Oral Thin Films as Placebo Substrate: Current Innovation in Printing Technology

The achievements of new drug development over the last few years have been greater than ever before. The new concepts of the dosage forms design and innovation of manufacturing technology have a strong influence on the pharmaceutical development of new drugs. Recently, demands for a unique approach for individualised and customised medicines with the usage of different types of printing technologies. i.e. 2D and 3D printing technology. 2D printing is the phenomenon of putting an image or design on edible substrate. Despite the advantages to drug administration, oral route is the first choice by patients as Oral Film Technology (OFT) is gaining much attention. As 2D printing technology has been adapted in manufacturing of printed Oral Thin films. Drug loaded printing ink was developed with their optimized properties and printing was carried out on the placebo substrate i.e oral thin film. New manufacturing techniques for formulation of printed oral thin films are related to the drop on demand technology, flexographic method extrusion-based methodology   , which mainly includes the semi-solid extrusion (SSE) and the fused deposition modelling (FDM), based 3D printing.

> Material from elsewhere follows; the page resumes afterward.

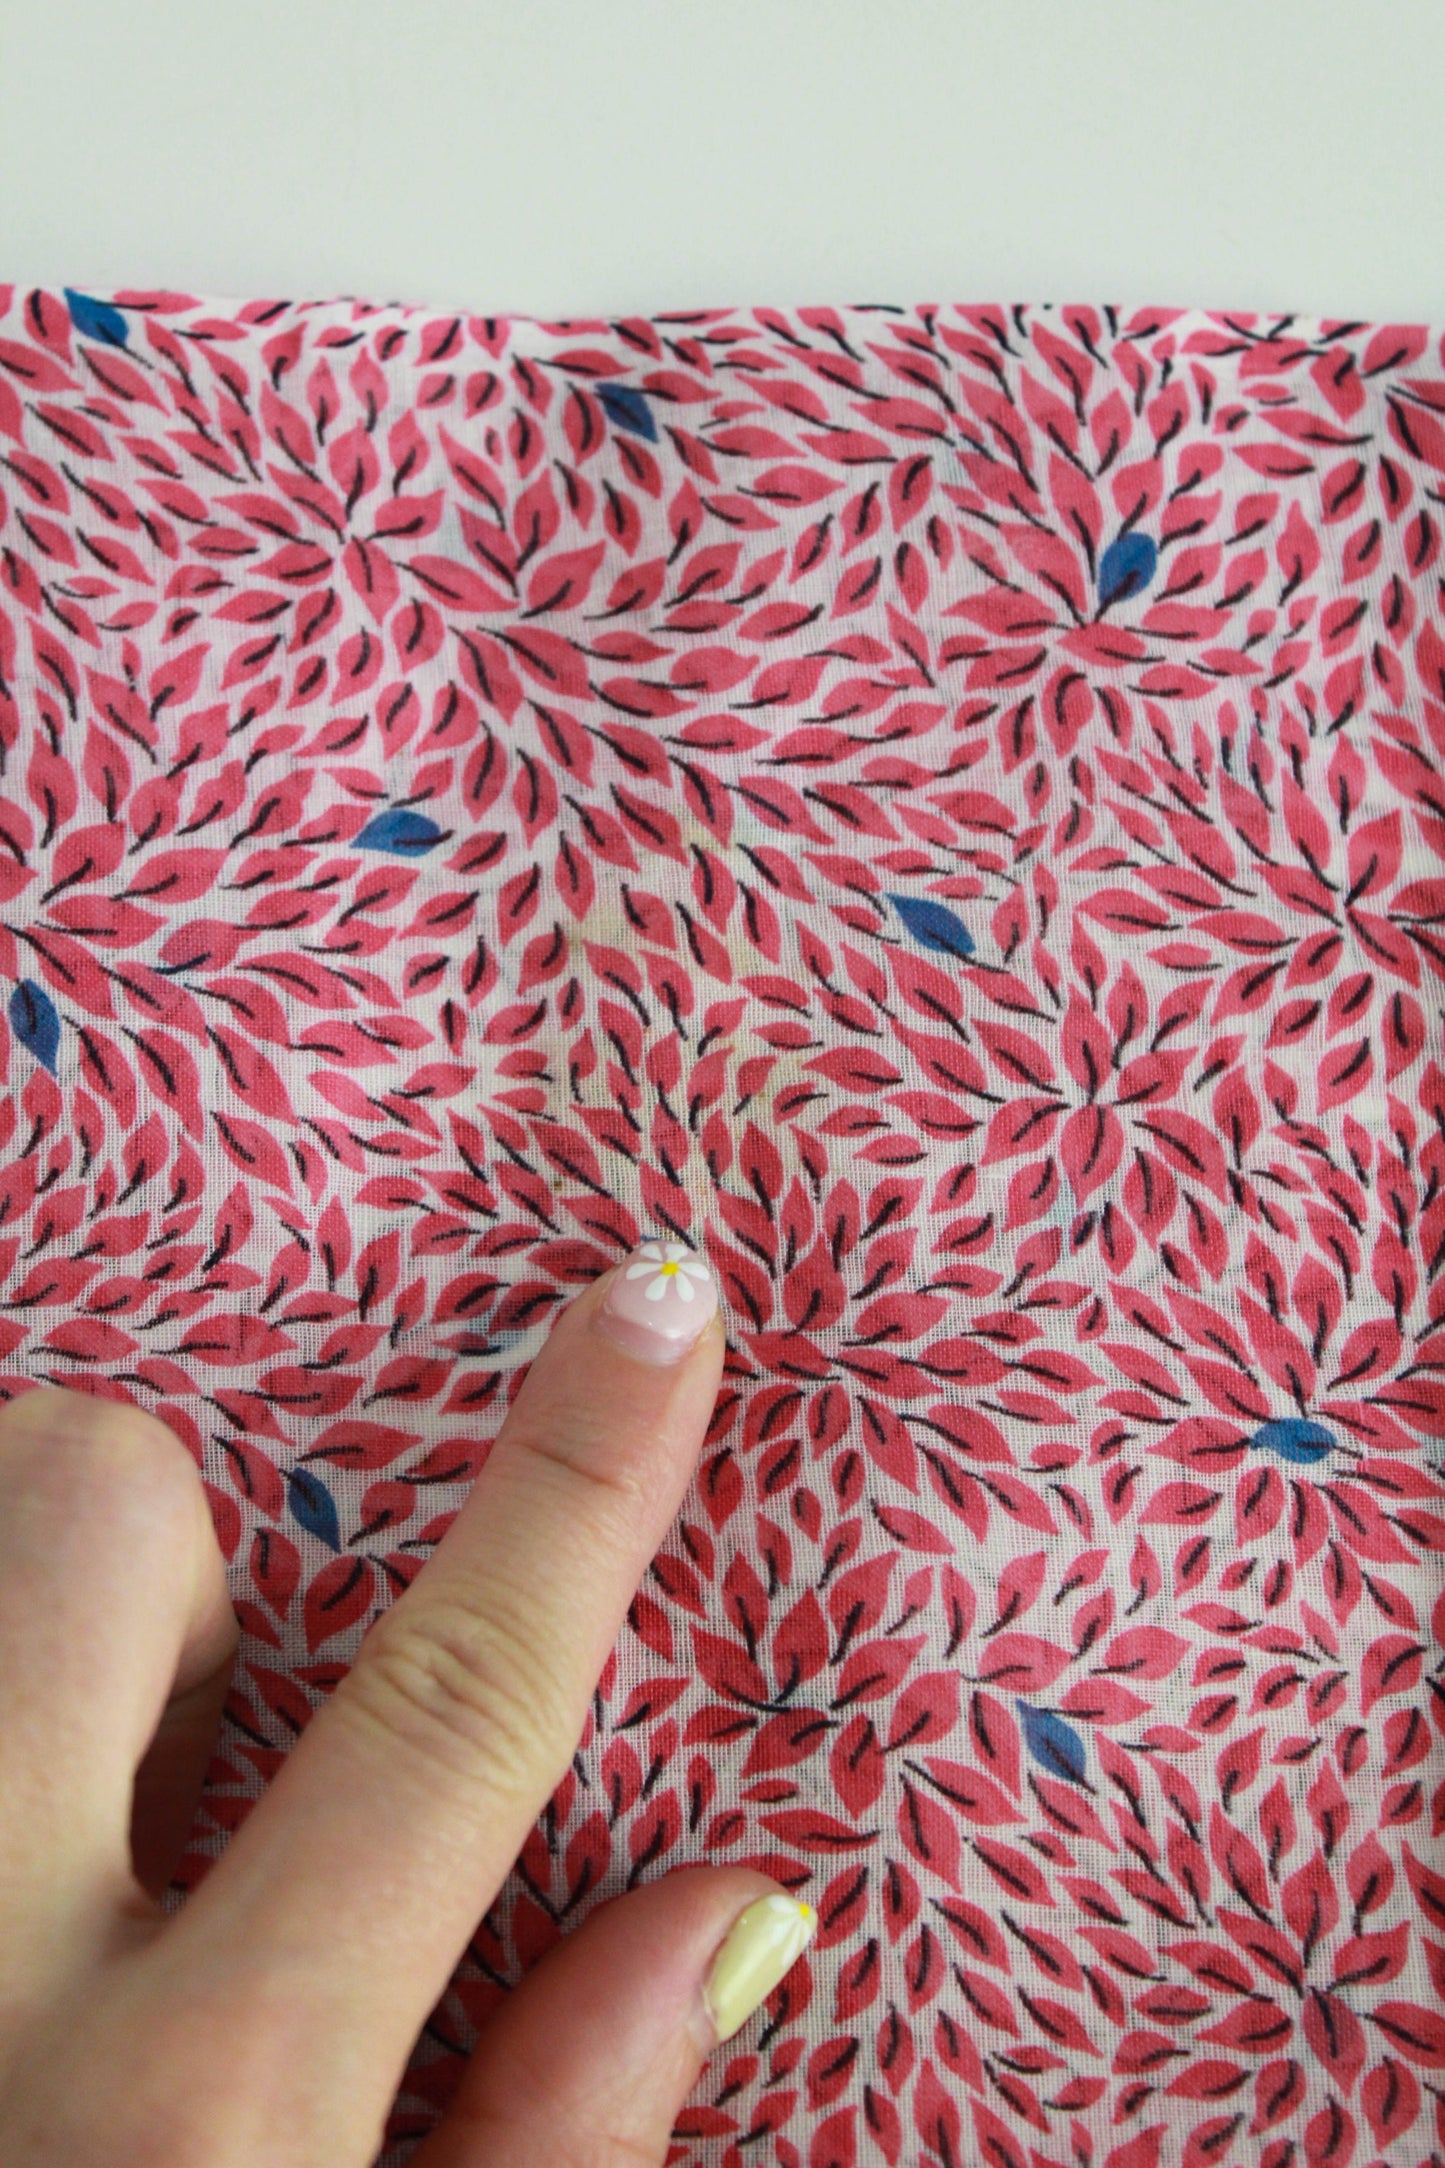 1950s Cotton Fabric, 9 Yards, Pink Abstract Leaf Print Sheer Sewing Fabric

API-containing dispersions and solutions   that were formulated in water, ethanol or other organic solvents with different viscosities, have already been applied onto OTFs. Other than execution of printing innovation, the influences of the OTF substrate on the resulting film quality should not be neglected. Previous study demonstrated that placebo substrate of OTF have a great influence on behaviours printing technologies and performance of printing ink.¹ Here we are mainly focusing of the placebo substrate used in printing of oral thin films. OTFs are selected because of its ease of administration, attractiveness, flexibility, and patient compliance, drug administration via the oral route is the most convenient option.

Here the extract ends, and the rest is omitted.